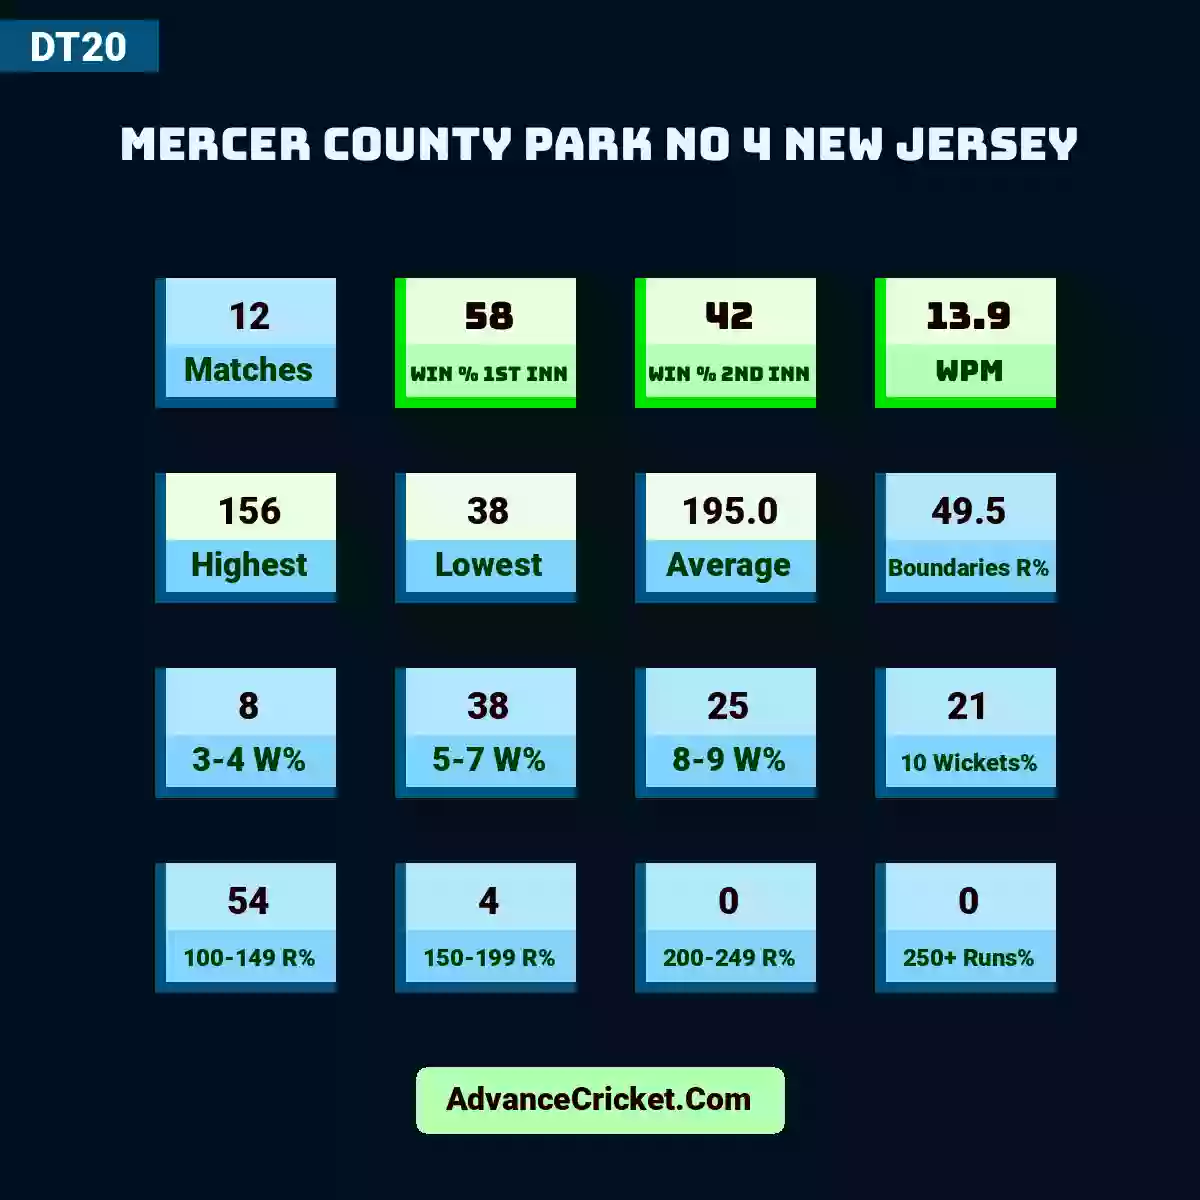 Image showing Mercer County Park no 4 New Jersey with Matches: 12, Win % 1st Inn: 58, Win % 2nd Inn: 42, WPM: 13.9, Highest: 156, Lowest: 38, Average: 195.0, Boundaries R%: 49.5, 3-4 W%: 8, 5-7 W%: 38, 8-9 W%: 25, 10 Wickets%: 21, 100-149 R%: 54, 150-199 R%: 4, 200-249 R%: 0, 250+ Runs%: 0.
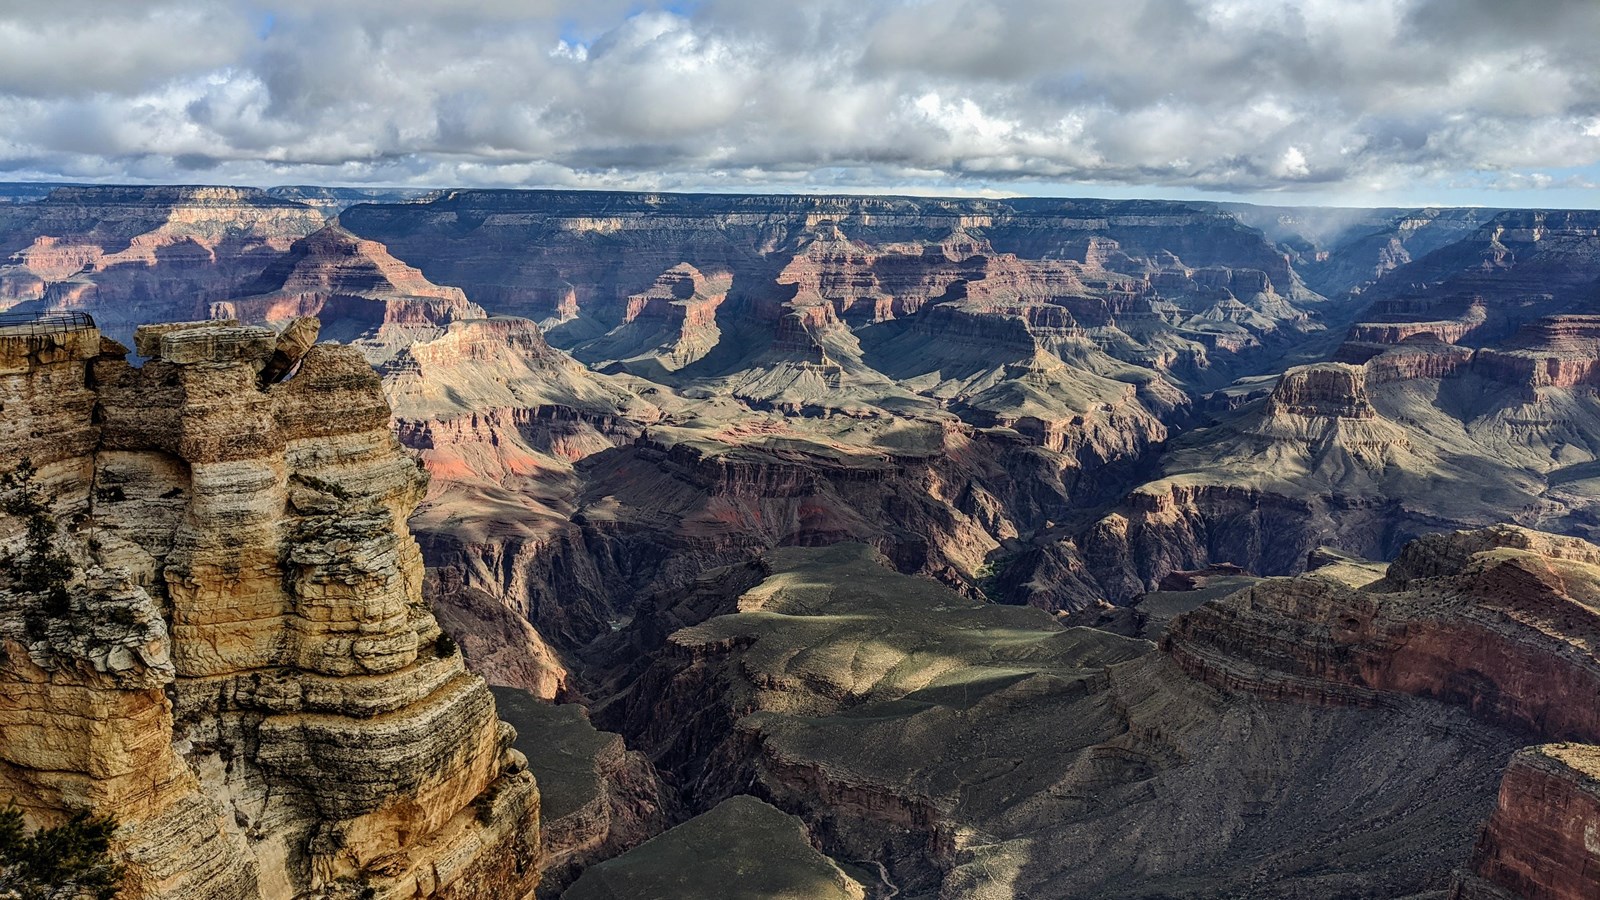 A cliff of yellow rock extends into a view of Grand Canyon\'s colorful landscape with clouds overhead
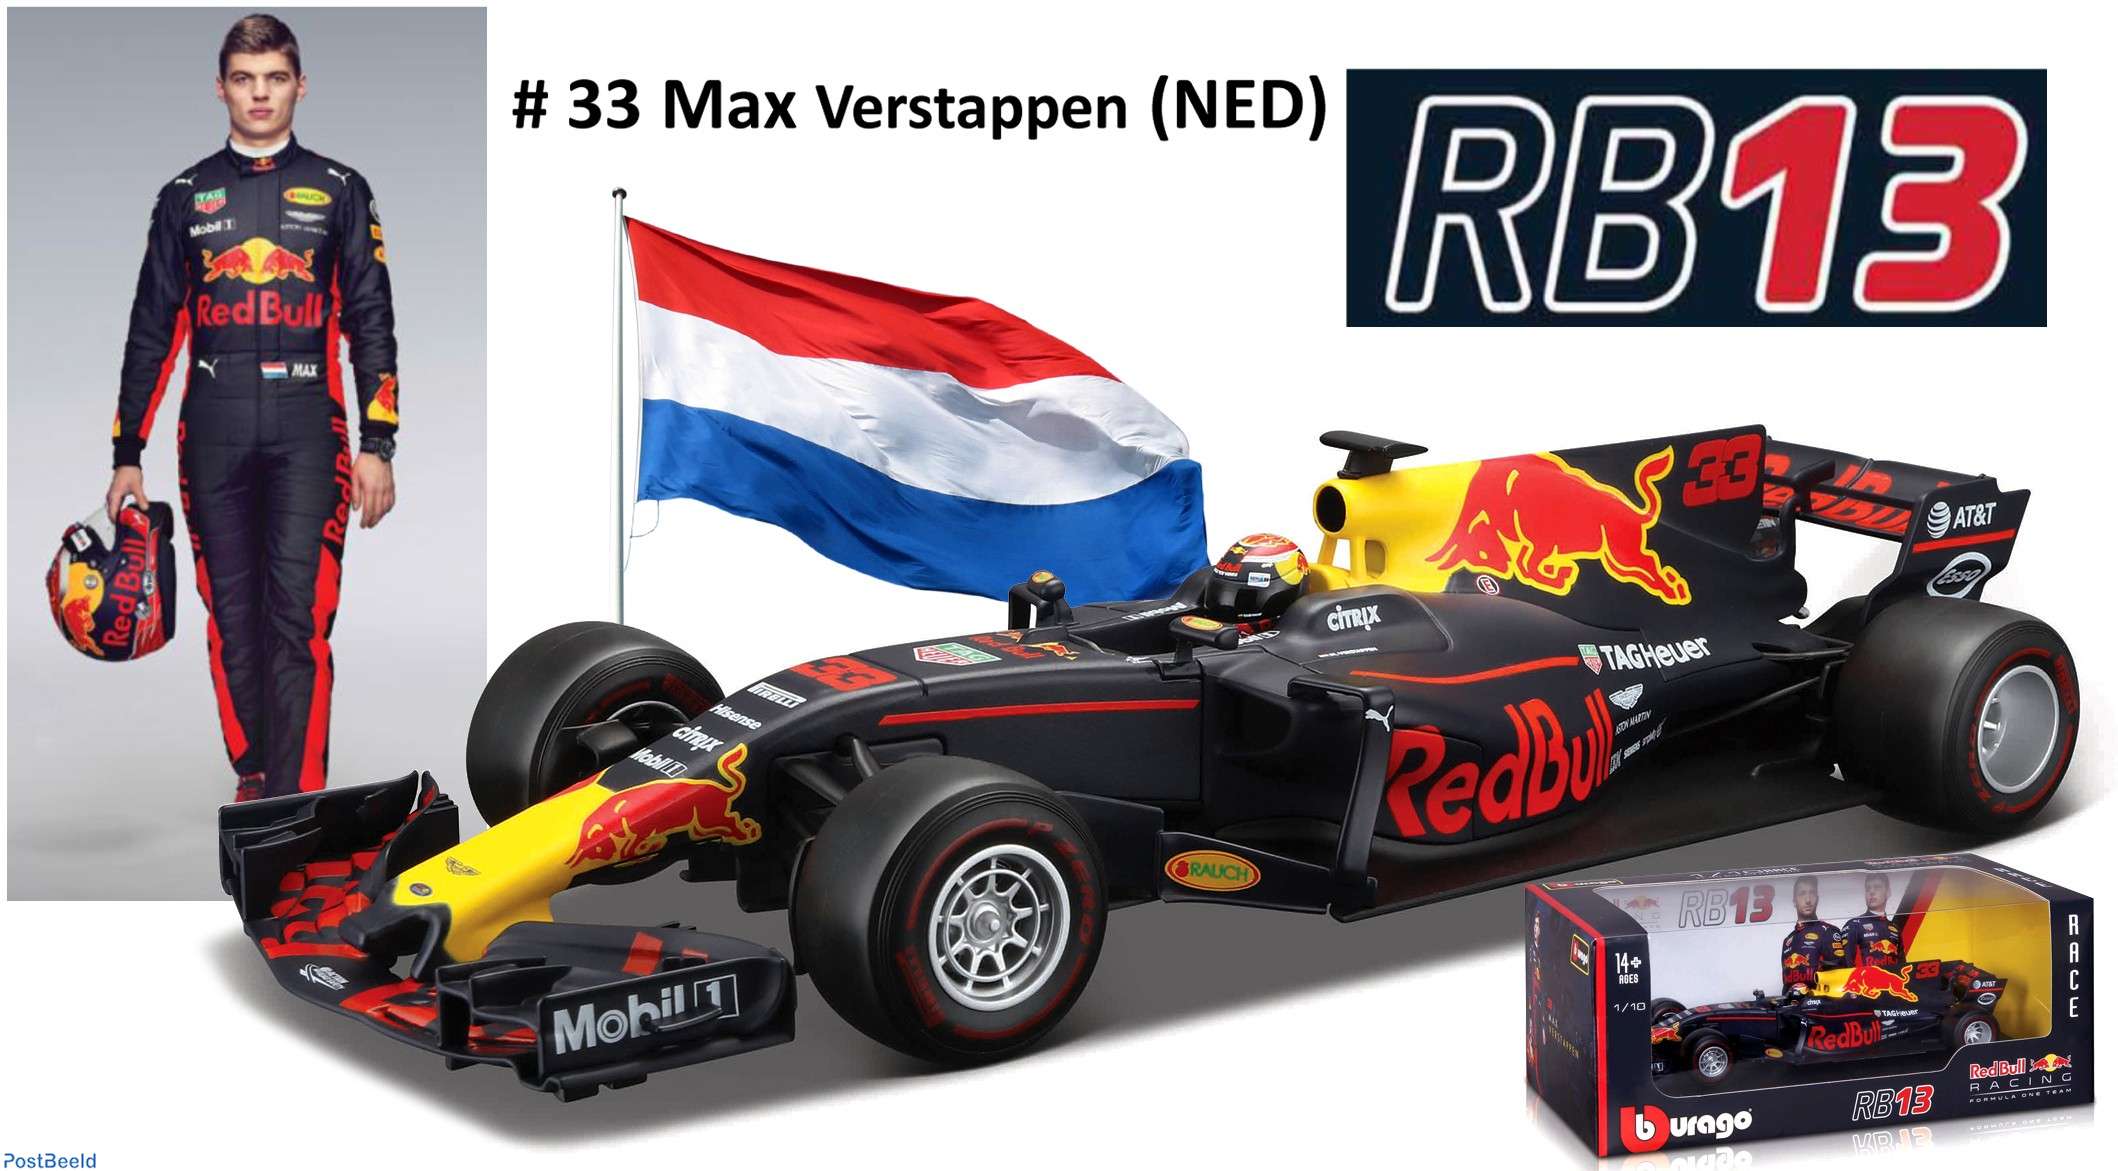 RED BULL RB13 TAG HEUER #33 MAX 2017 - Collecting Stamps - PostBeeld - Online Stamp Shop - Collecting

● Aim of the exercise: Skip the pictures. Return exactly the lines from the one containing "A cliff of yellow" through the end of the data above, both included, and nothing besides.

● Your response:
 A cliff of yellow rock extends into a view of Grand Canyon\'s colorful landscape with clouds overhead
 RED BULL RB13 TAG HEUER #33 MAX 2017 - Collecting Stamps - PostBeeld - Online Stamp Shop - Collecting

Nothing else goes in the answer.